I started saying it as a joke, and then two winters ago, I heard stories of Vermonters burning their furniture to heat their homes. I saw people sleeping in their cars along the highways and a photo of what I thought was a home ravaged by flood in the Midwest, which was actually a house near me, in Massachusetts, looted after it a foreclosure.
Until recently, many Americans thought they lived in a place I think of as Richland, a nation of gated communities, mortgages, McMansions, and bling, populated with items that convinced their owners they were attached to a class called ‘the wealthy’. In fact, the cheap debt acted as a tranquilizer as first manufacturing jobs and then white collar jobs were outsourced overseas to cheaper labor markets.
Under the ‘cheap debt’ subsistence living created during the time — were you putting your bills and groceries on credit cards?

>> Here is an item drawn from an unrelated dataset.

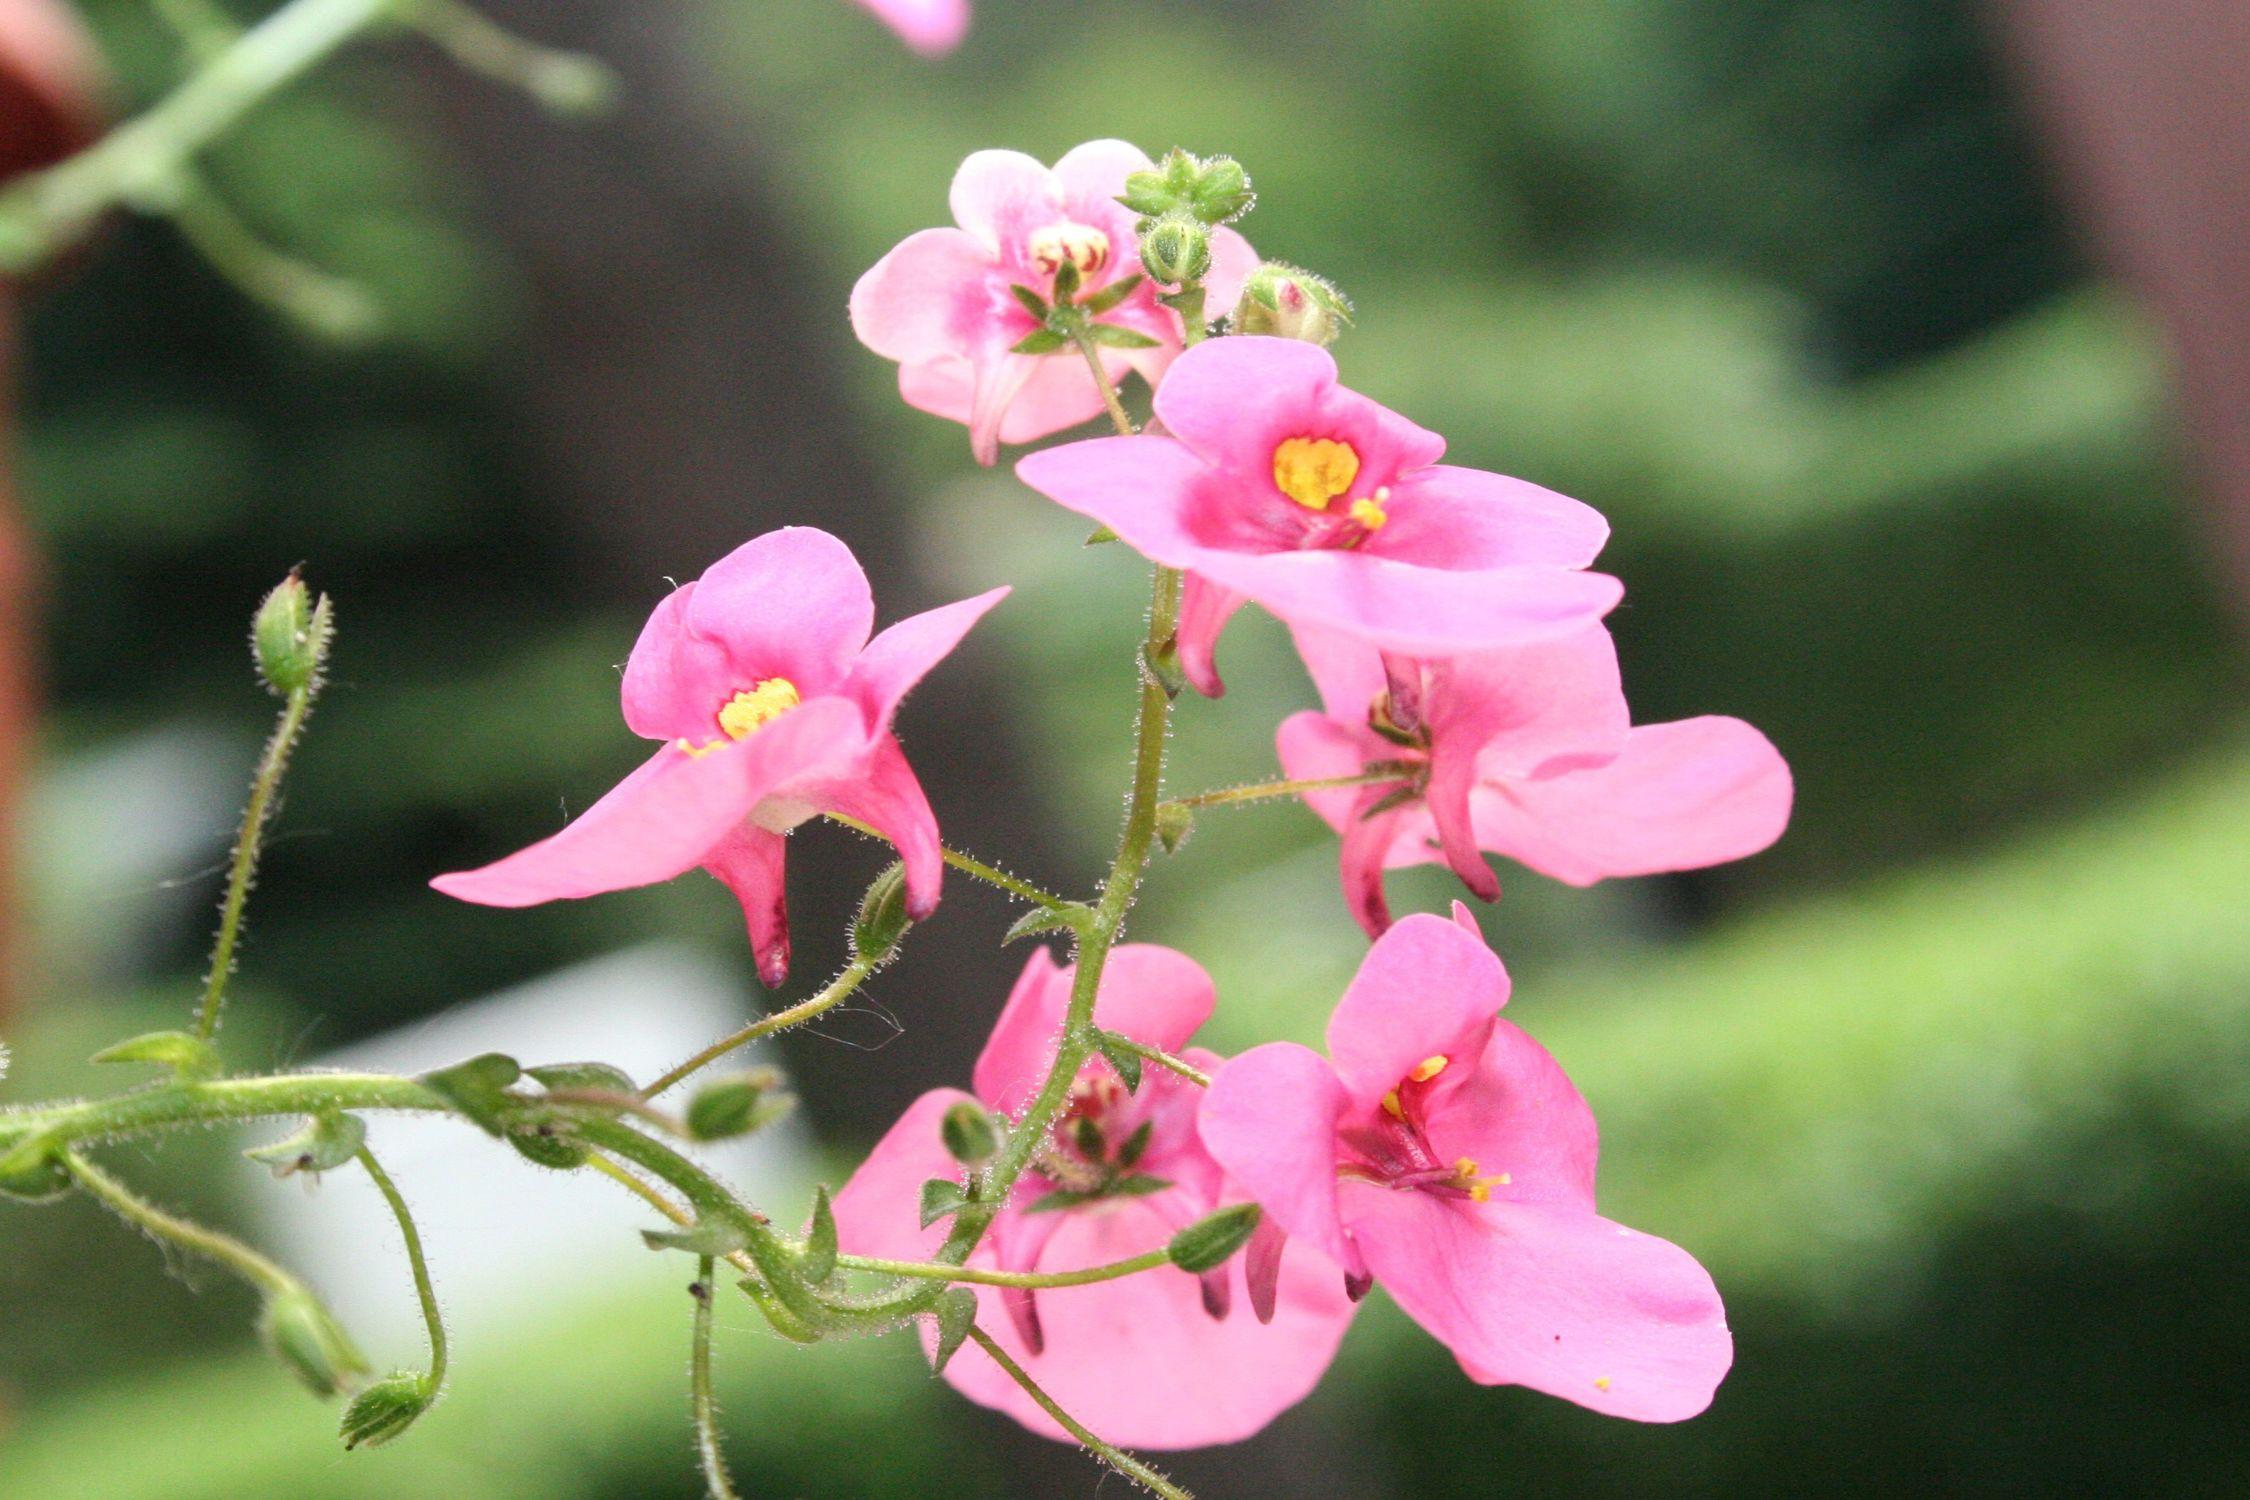 Bild mit Farben, Natur, Pflanzen, Blumen, Rosa, Blume, Pflanze

This is what I mean — the remnants of the previous economy, one that had a more secure basis, were quietly destroyed.
Our transformation into a completely utilitarian society, the country as capitalist gulag, a nation of people harvested for successful performance as users of credit and useful only as long as they could purchase things, was nearly complete, and then we managed to vote out the Dear Leader (or rather, his term expired and we picked someone we thought of as different). Now we can see we’ve spent the last eight years subject to a laboratory experiment in which the richest robbed the rest of the country of its major assets via ‘financial instruments’, all while we voted on American Idol and watched televisions shows alleged to be the antics of ‘the rich’. Who would in fact never live that way.